他反手牵着柳长宁,径直从男子的身边走了过去。柳长宁定定地瞧着他,虽然看不见他的表情,但却可以感受到他周身的煞气。现在这样的他,必然是人挡杀人、佛挡杀佛的吧?为什么之前自己却从未注意到过?她不由地冷笑,是啊,那时候自己心里只有李正煜,哪里还看得到旁人的好呢!
忻毅和柳长宁立在街道上,四周是浓得化不开的黑夜。他点了一个火折子,借着昏黄的光线隐约可以看见远处的光景。他们并肩走着,却是各自想着奇异的心事,谁也不说话。
离楚王府还有半里地时侯,忻毅开口道:“长宁,前面就到了,我先走了,你自己小心。”他应该是笑着的,因为柳长宁看到了一闪而过的白牙和眼神里一瞬间的灿烂。

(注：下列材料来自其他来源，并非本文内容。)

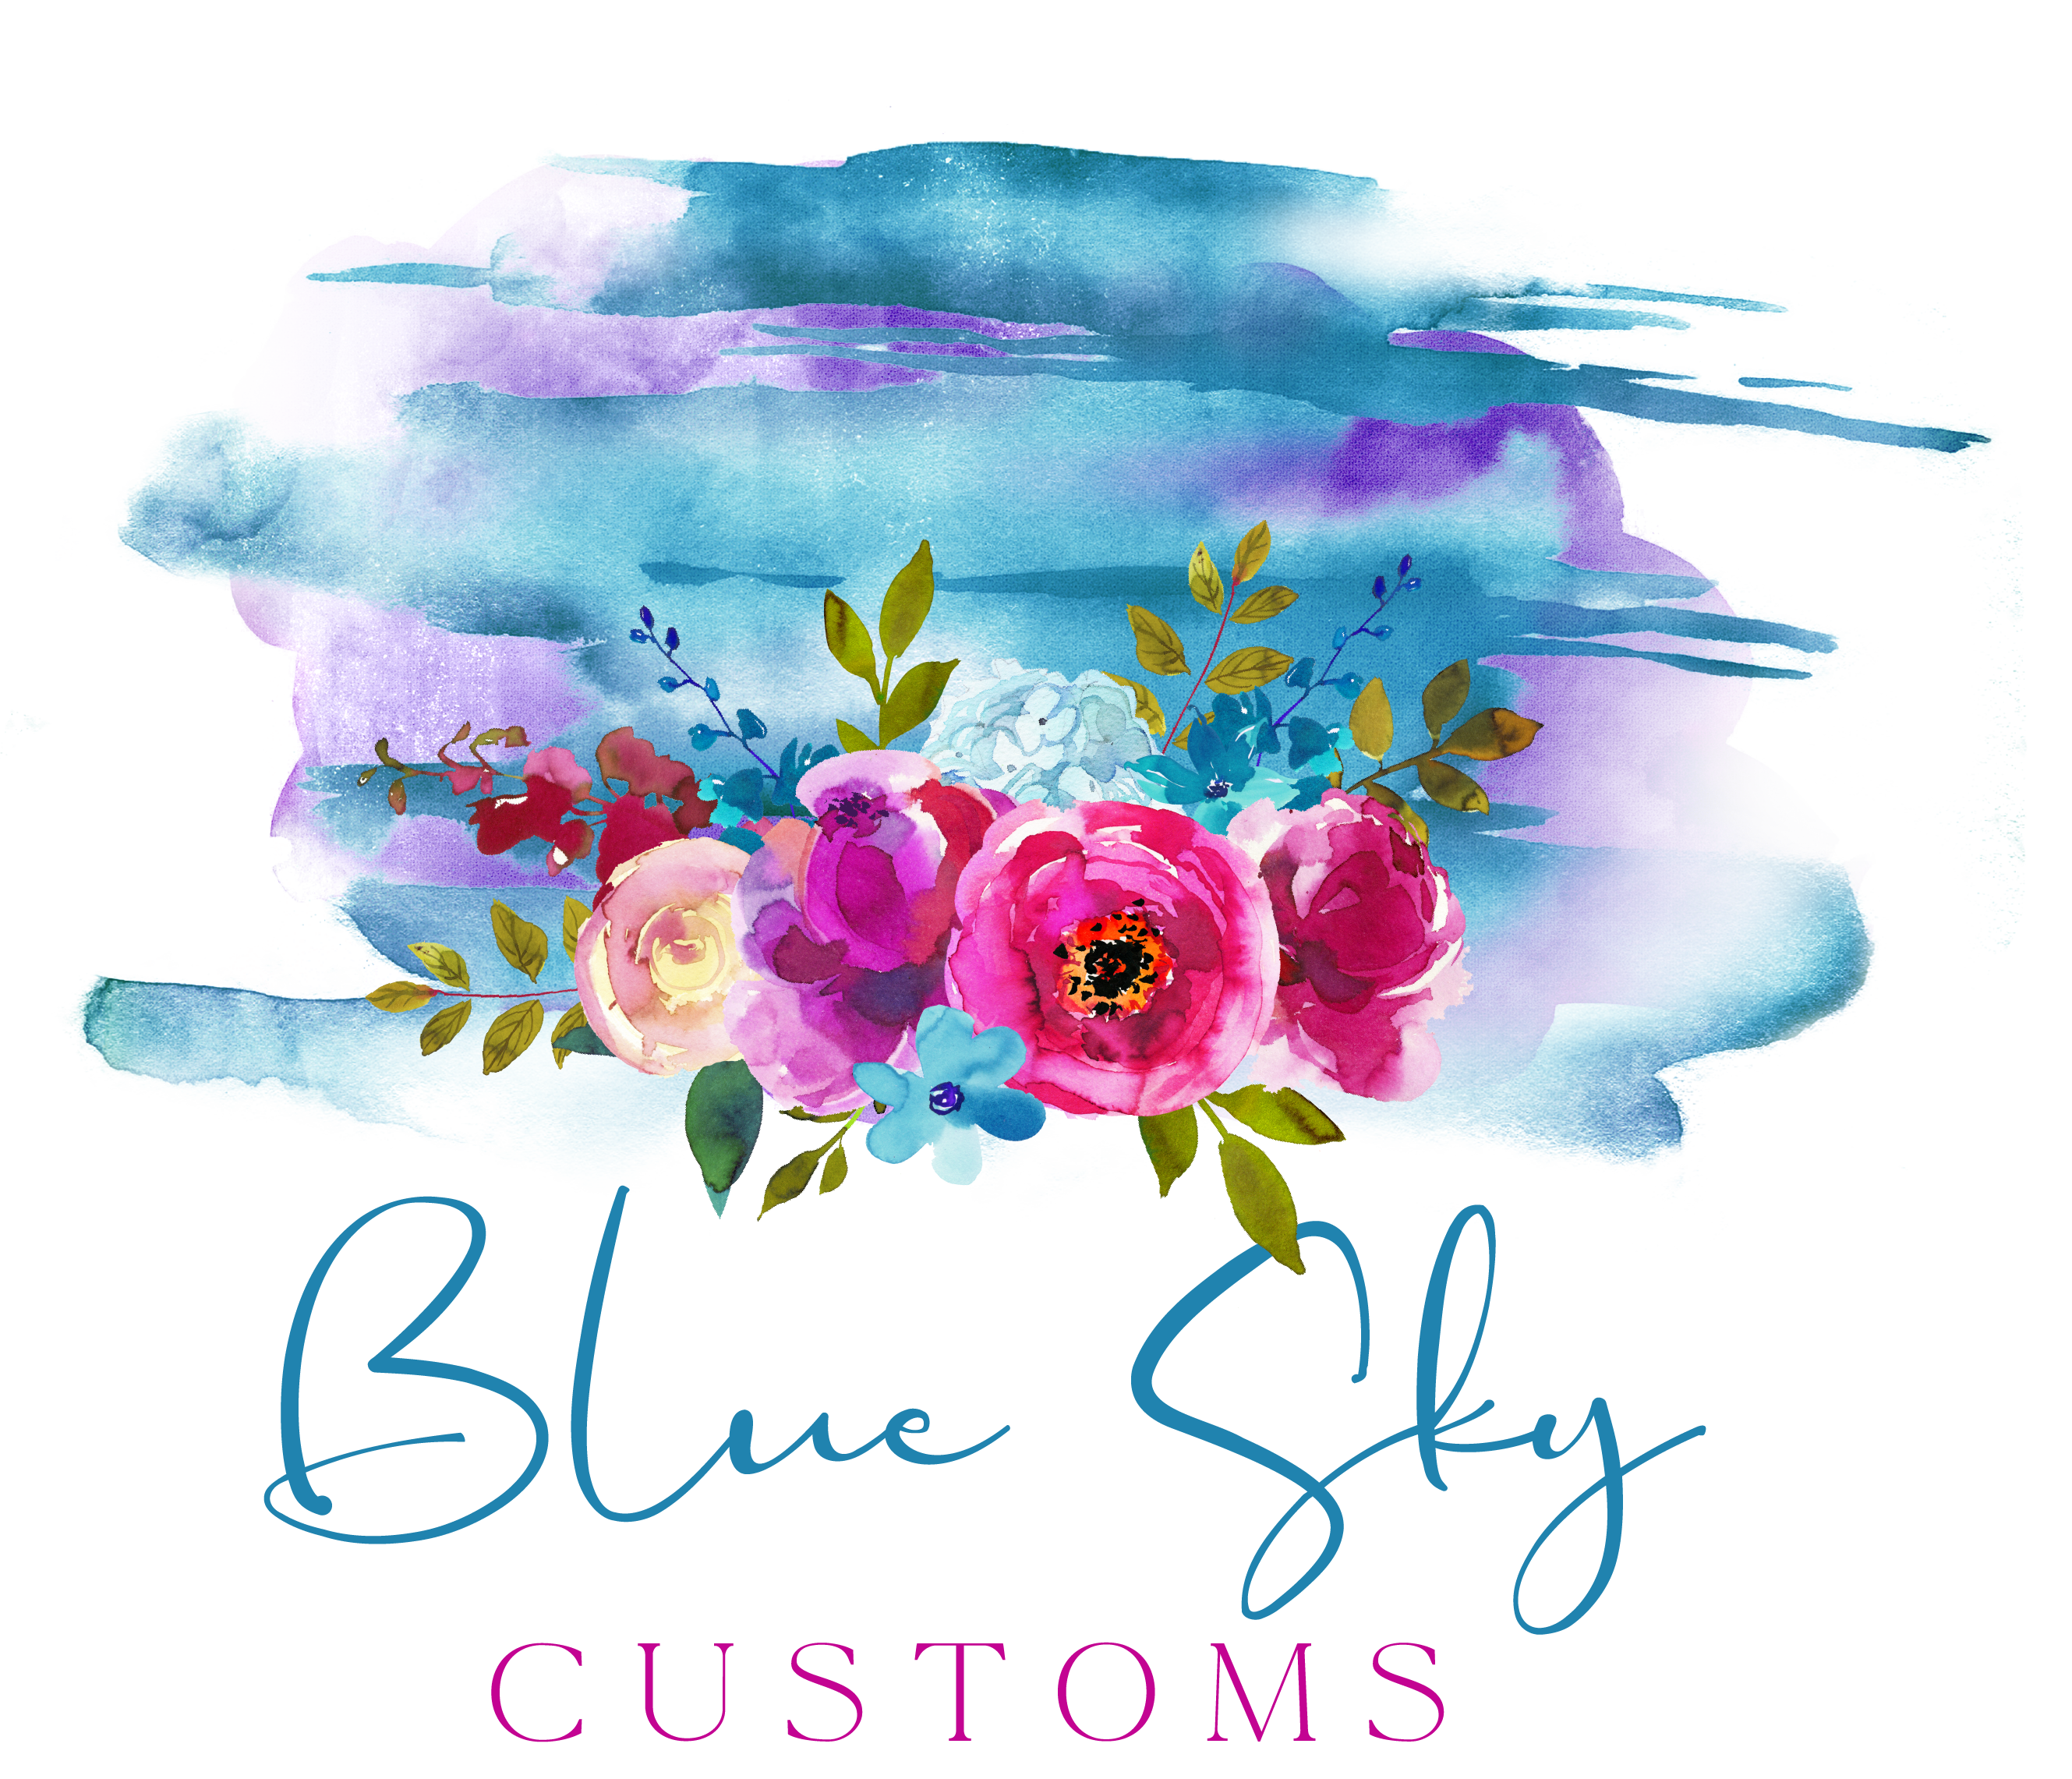 My Favorite Color Is Christmas Lights Tumbler – Blue Sky Customs

“恩”她轻轻地应着。见忻毅转身,又仿佛不放心似地叮嘱他:“明天……明天你要小心,那禁卫看着是软硬不吃的人。”
“放心吧,皇上还指着我旗开得胜哪。”忻毅且说且走,身形已在数丈之外。
柳长宁微微地叹口气,走到院墙边,双手使力,身体便轻飘飘地飞了过去。耳边偶有几声秋虫的鸣叫,更衬得周遭万籁俱静。

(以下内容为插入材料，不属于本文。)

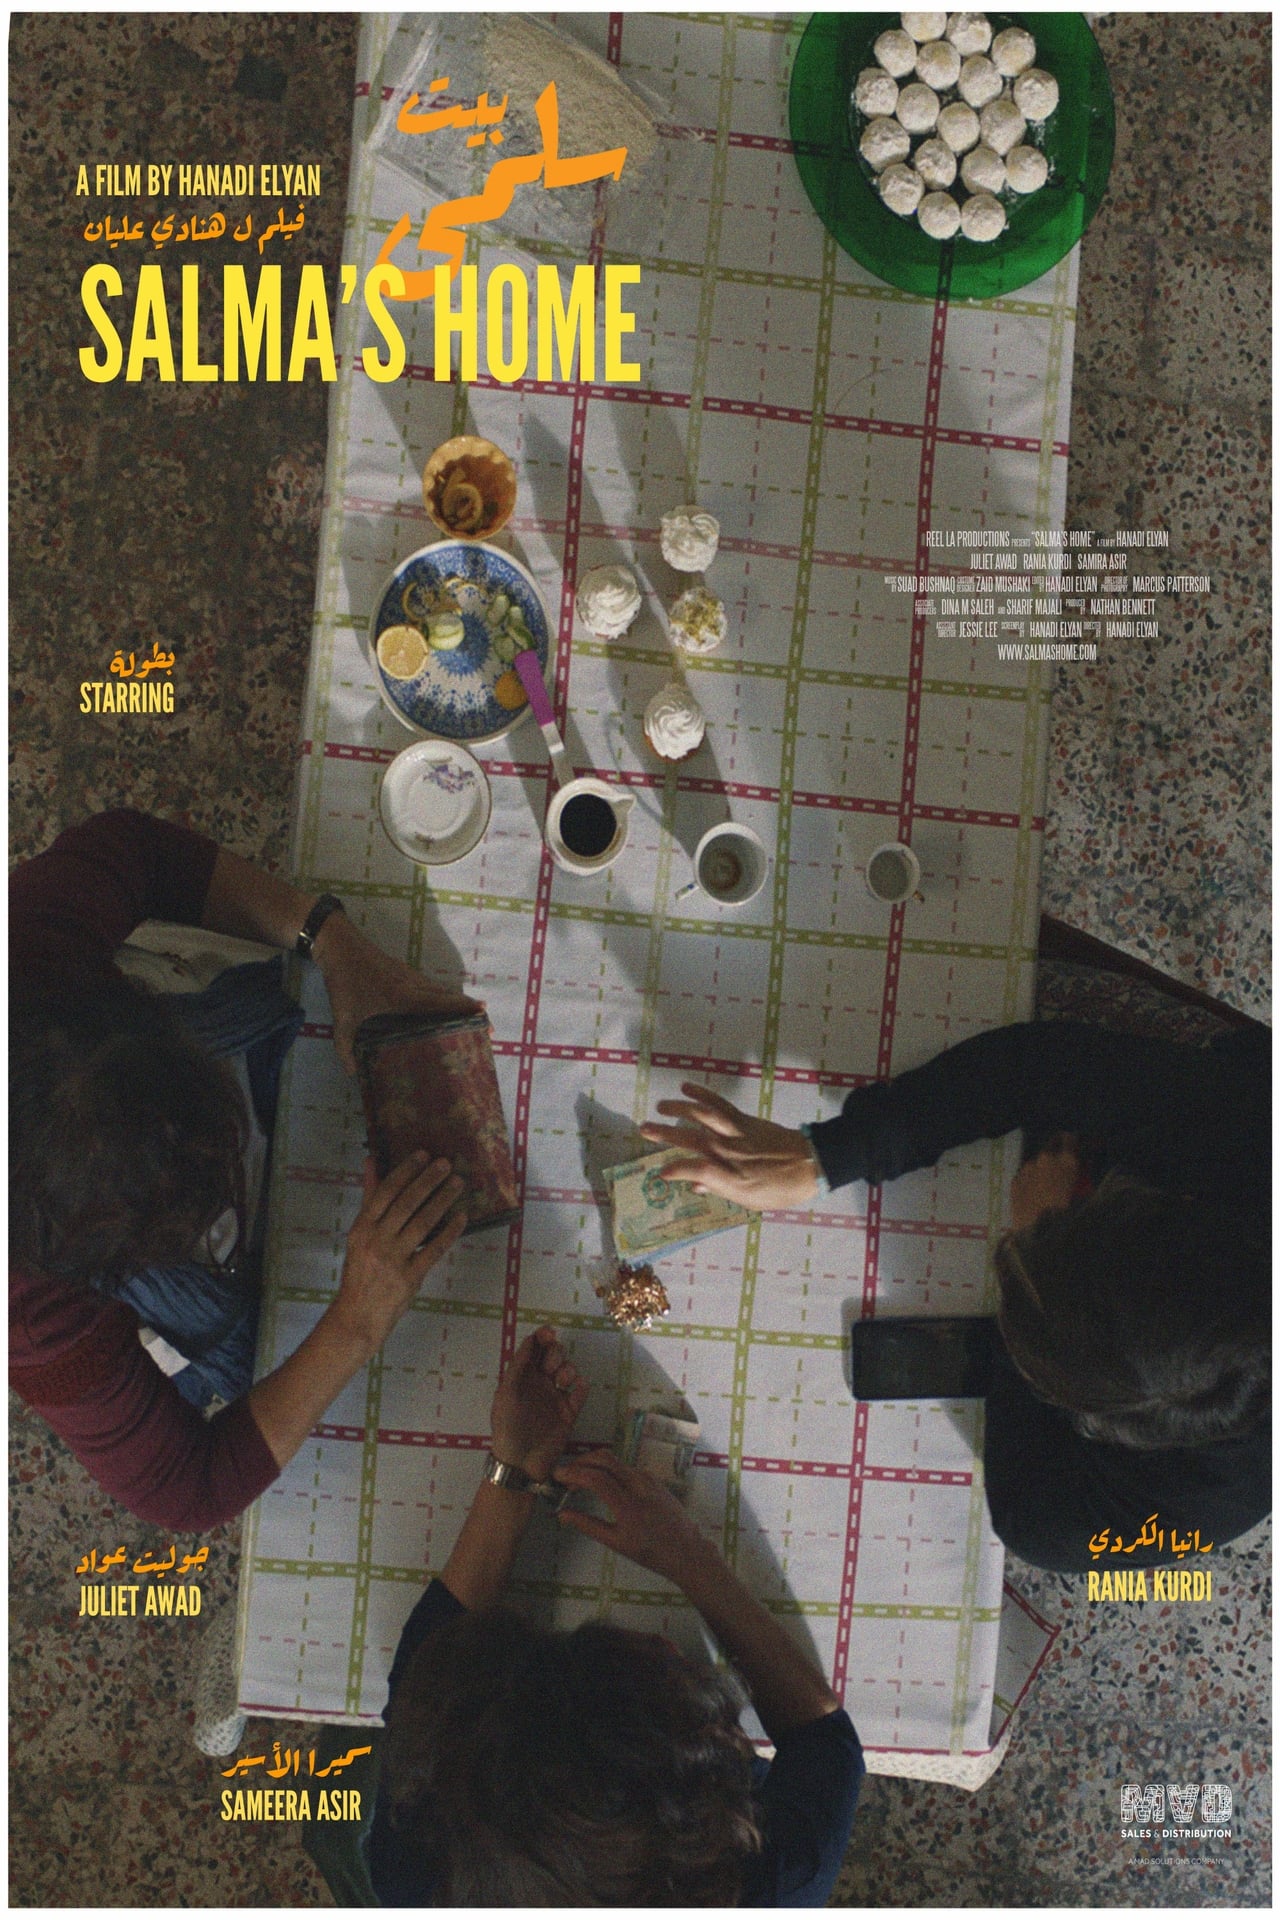 Salma's Home

柳长宁沿着月湖朝自己所居的“秋桐院”走去。这一夜万里无云,漆黑的夜幕上明晃晃地点缀着无数的星子,一弯新月如镰,将清冷的光芒撒入大地。湖上袅袅升起的是同样的月,一样清冷,却更添了几分朦胧。柳长宁瞧得有些怔怔的,那时候,父亲抱着她,声音中满是宠溺:“长宁,看那里,像勺子一样排起的七颗星叫北斗七星,最亮最亮的那颗是北极星。如果有一天,你一个人迷了路,你就朝着北极星的方向走,便可以回家了。“想着这些,柳长宁便已经泪眼朦胧,现在就算是找到了北极星,哪里才有自己的家呢?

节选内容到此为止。